Timing and Dose‑Dependence:

• Metabolic and GI effects often manifest with moderate to high doses and over weeks to months.
• Some effects (e.g., mood, insomnia) may appear early.
• Growth and bone effects accumulate with chronic use.

• CYP3A4 Inhibitors (e.g., ketoconazole, ritonavir): May increase deflazacort levels; monitor for corticosteroid excess; consider dose reduction.
• CYP3A4 Inducers (e.g., rifampin, carbamazepine): May decrease deflazacort efficacy; may require dose increase.
• NSAIDs or Anticoagulants: Additive GI bleeding risk; monitor closely.
• Live Vaccines: Contraindicated in immunosuppressed; risk of disseminated infection.
• Diabetic Medications: May require adjustment due to hyperglycemic effects.

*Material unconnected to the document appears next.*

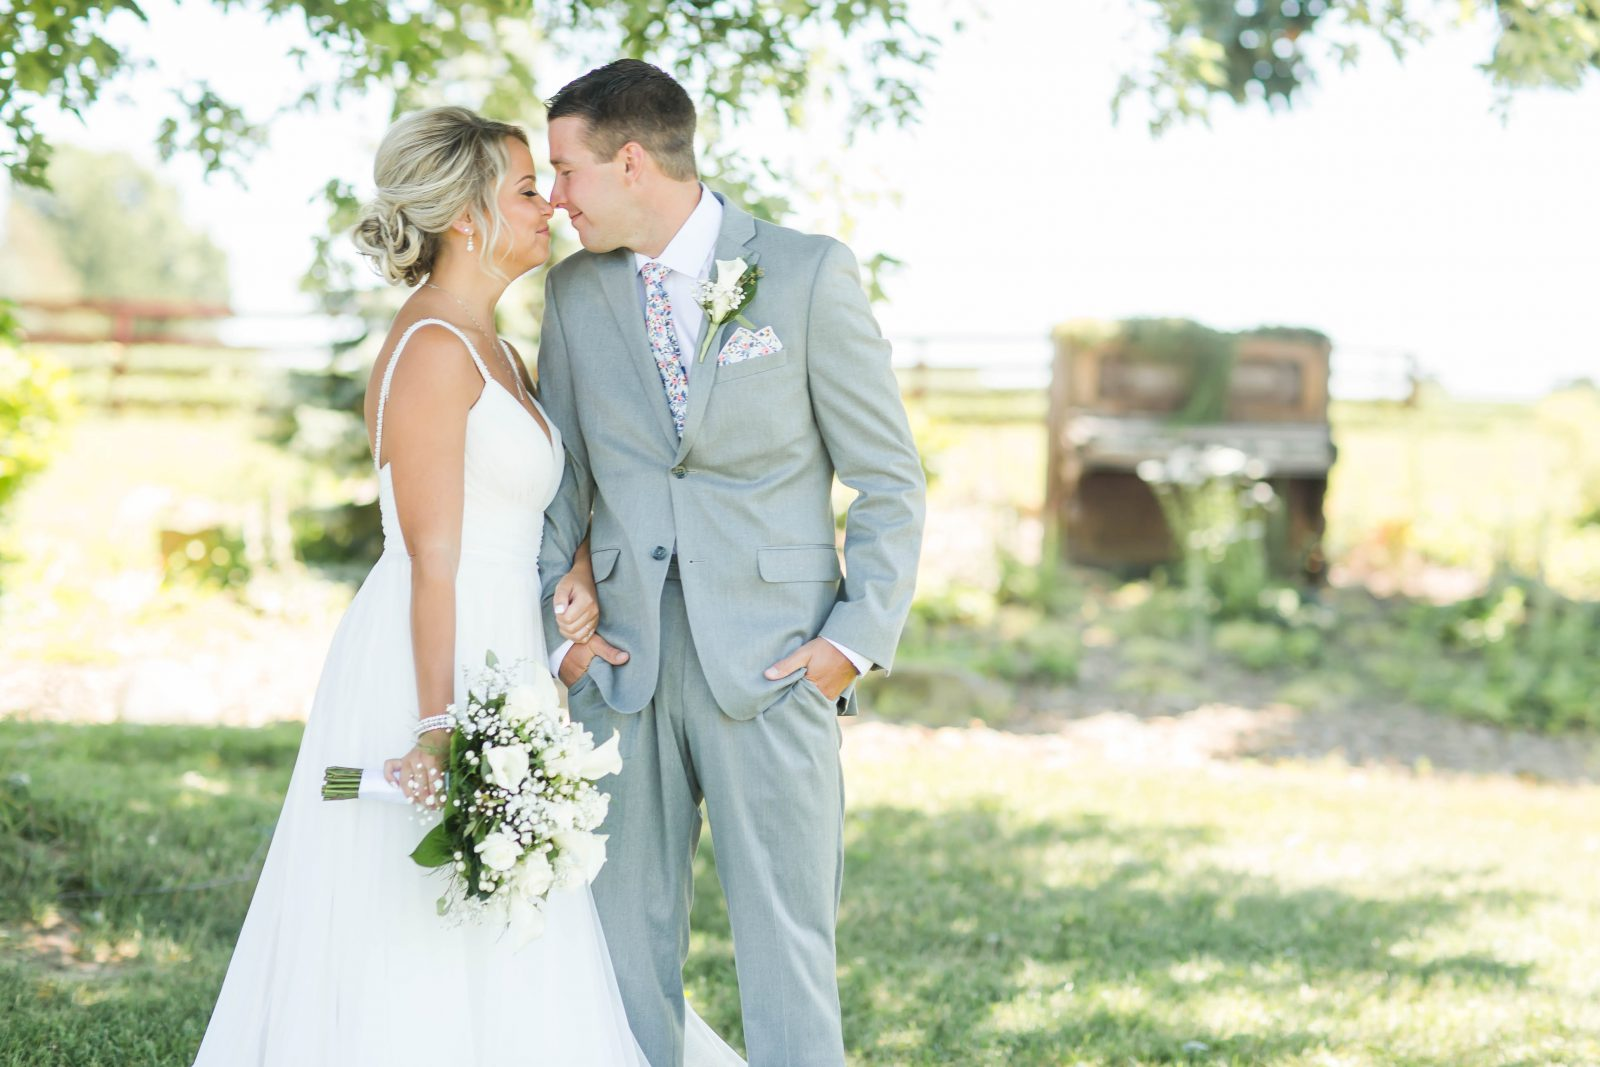 peacock-ridge-summer-wedding-photographer-akron-ohio-loren-jackson-photography-31

• DMD Clinical Guidelines (2019–2024): Deflazacort endorsed as first‑line steroid in DMD due to better growth and metabolic profile compared to prednisone/prednisolone.
• Endocrine Society: Updated recommendations emphasize bone-protective strategies and growth monitoring with pediatric steroid use.
• EMA & FDA advisories: Highlight risk of adrenal suppression and recommend standardized tapering protocols.

• Store at 20°C to 25°C (68°F to 77°F).
• Protect from moisture and light; keep in original container.
• Do not freeze.
• Handling Precautions: No special handling needed; wash hands after handling tablets if dose splitting.
• Use: Tablets should be swallowed whole; do not crush or chew.